PROBLEM TO WORK ON: The full listing, written out exactly and without images, is the expected result.

COLLECTED MATERIAL:

==============================

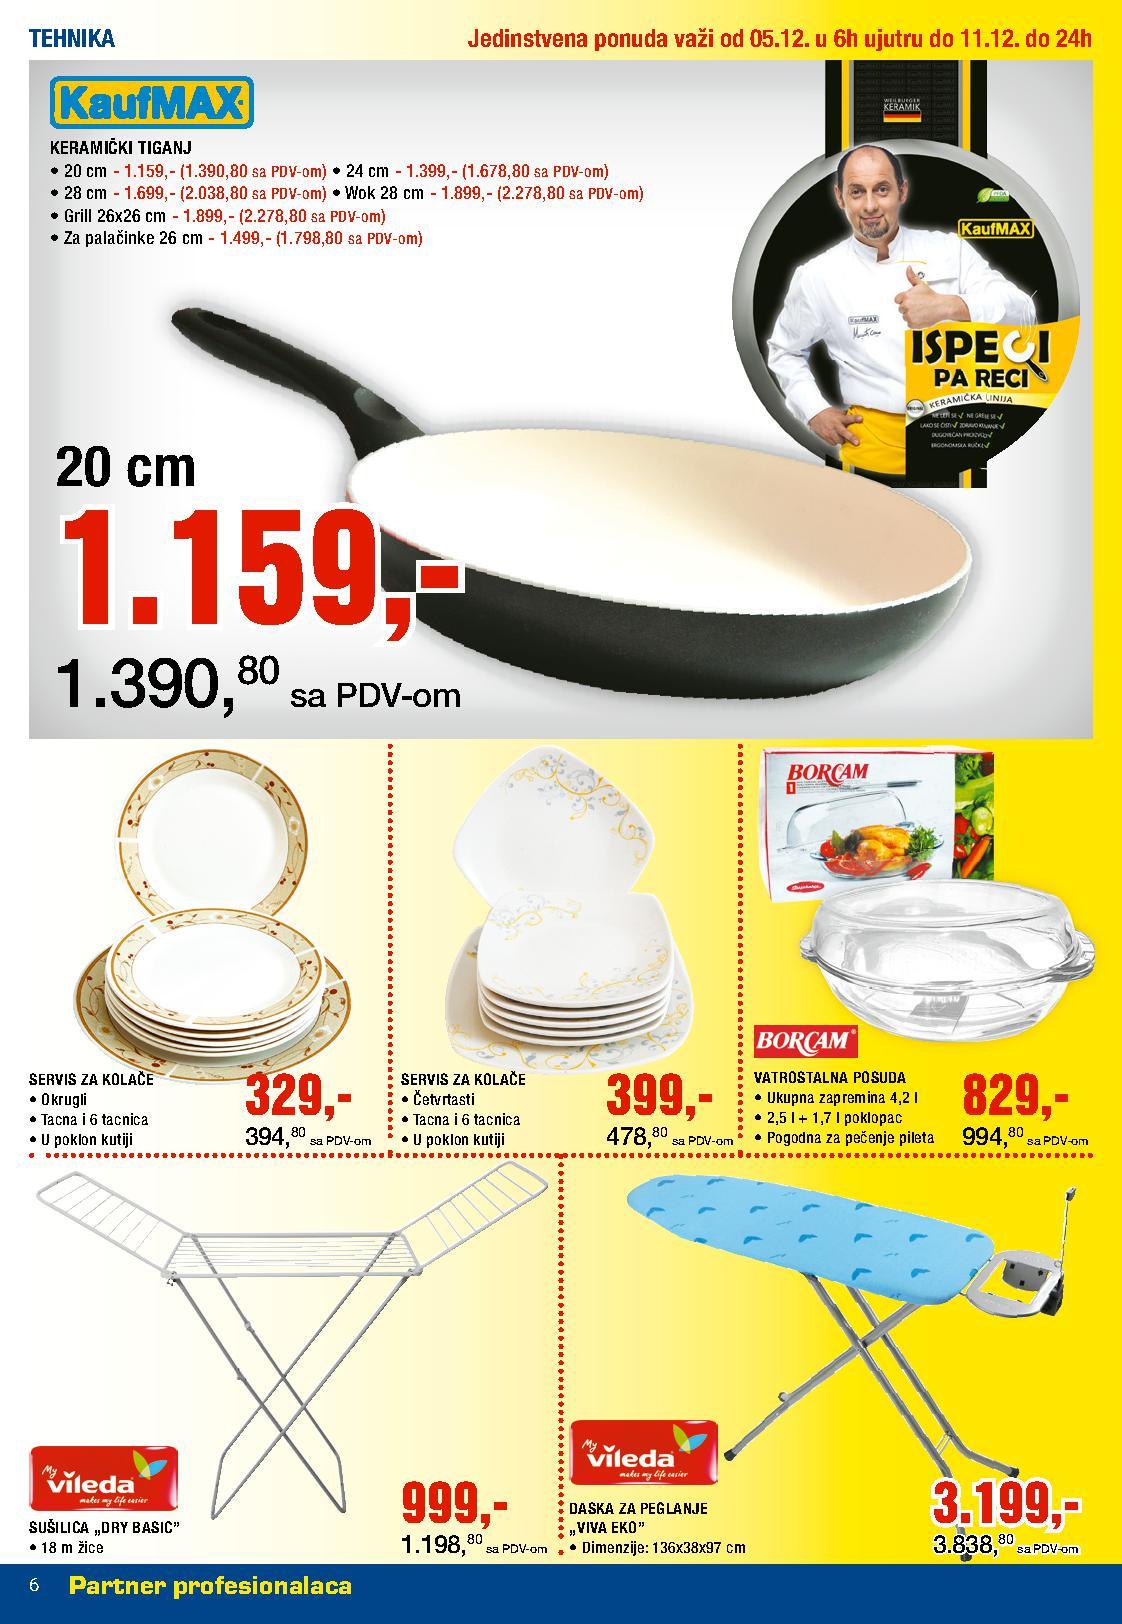 Metro katalog nedelja super  cena neprehrane
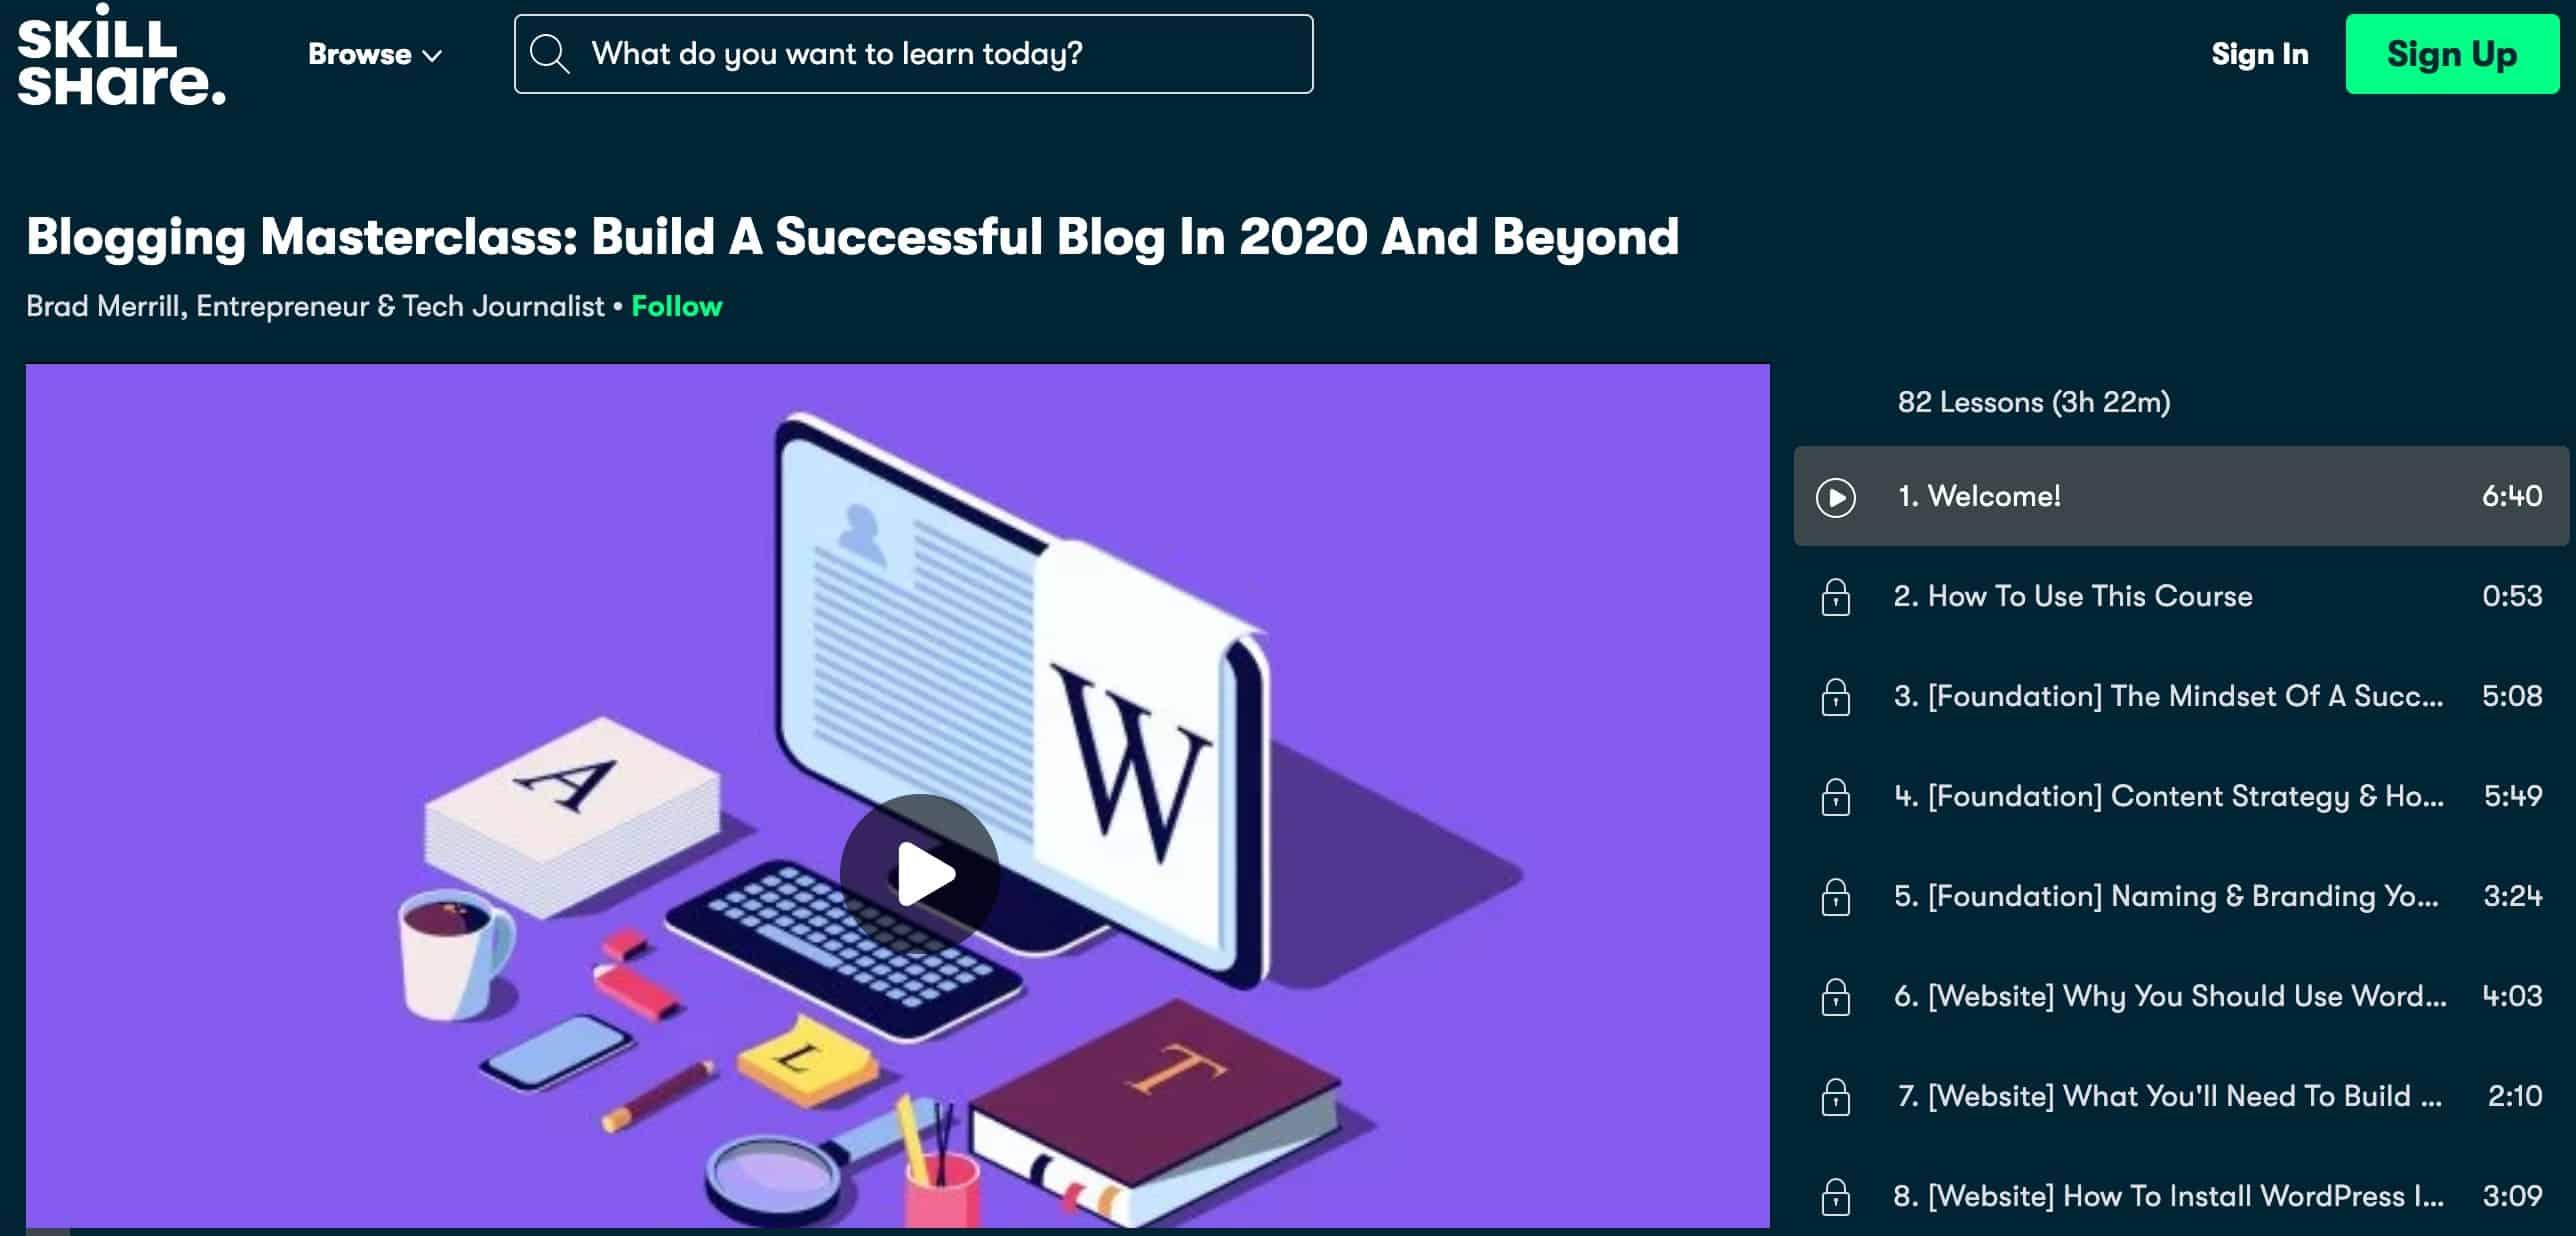 Blogging Masterclass
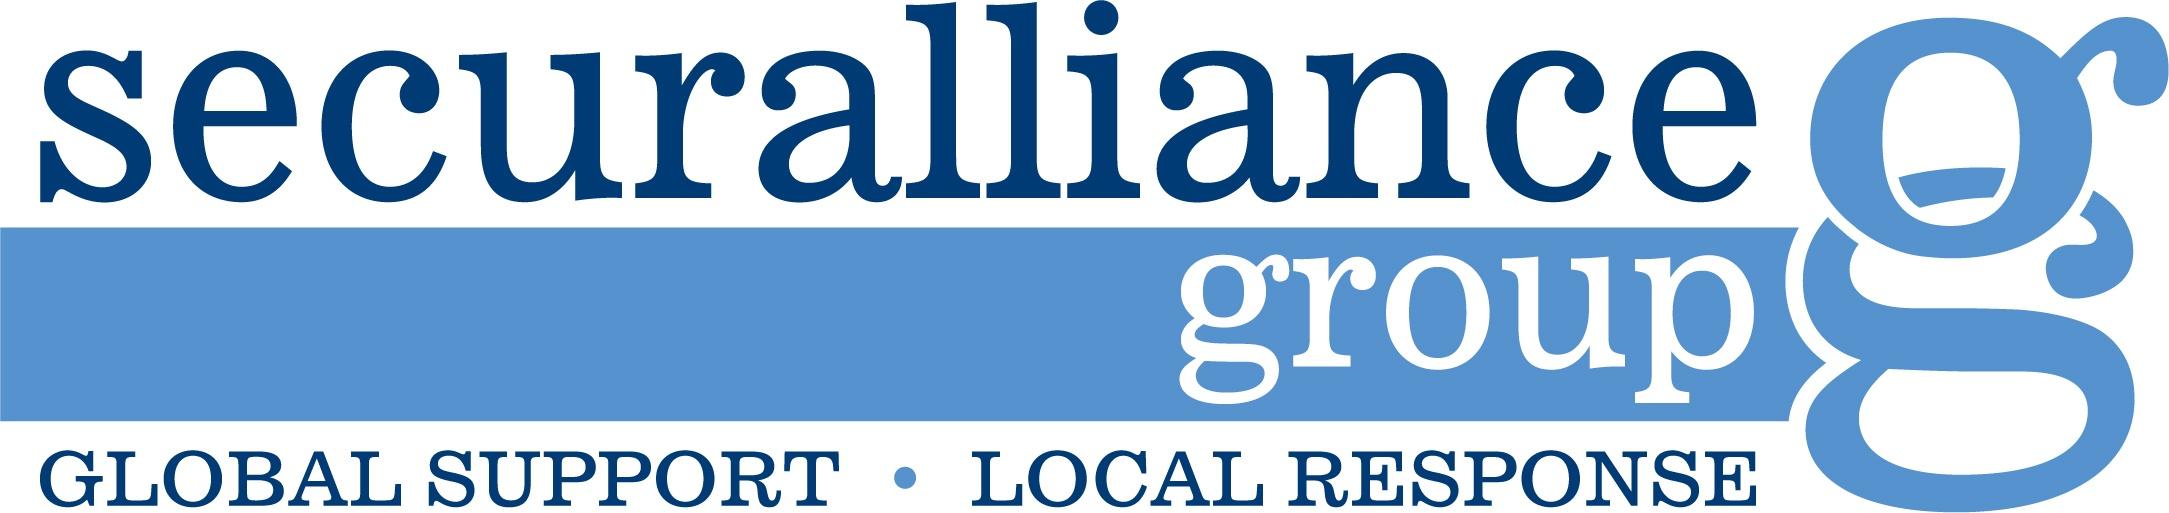 logo securalliance .jpg

==============================

ANSWER FOR THIS EXERCISE:
 Metro katalog nedelja super  cena neprehrane
 Blogging Masterclass
 logo securalliance .jpg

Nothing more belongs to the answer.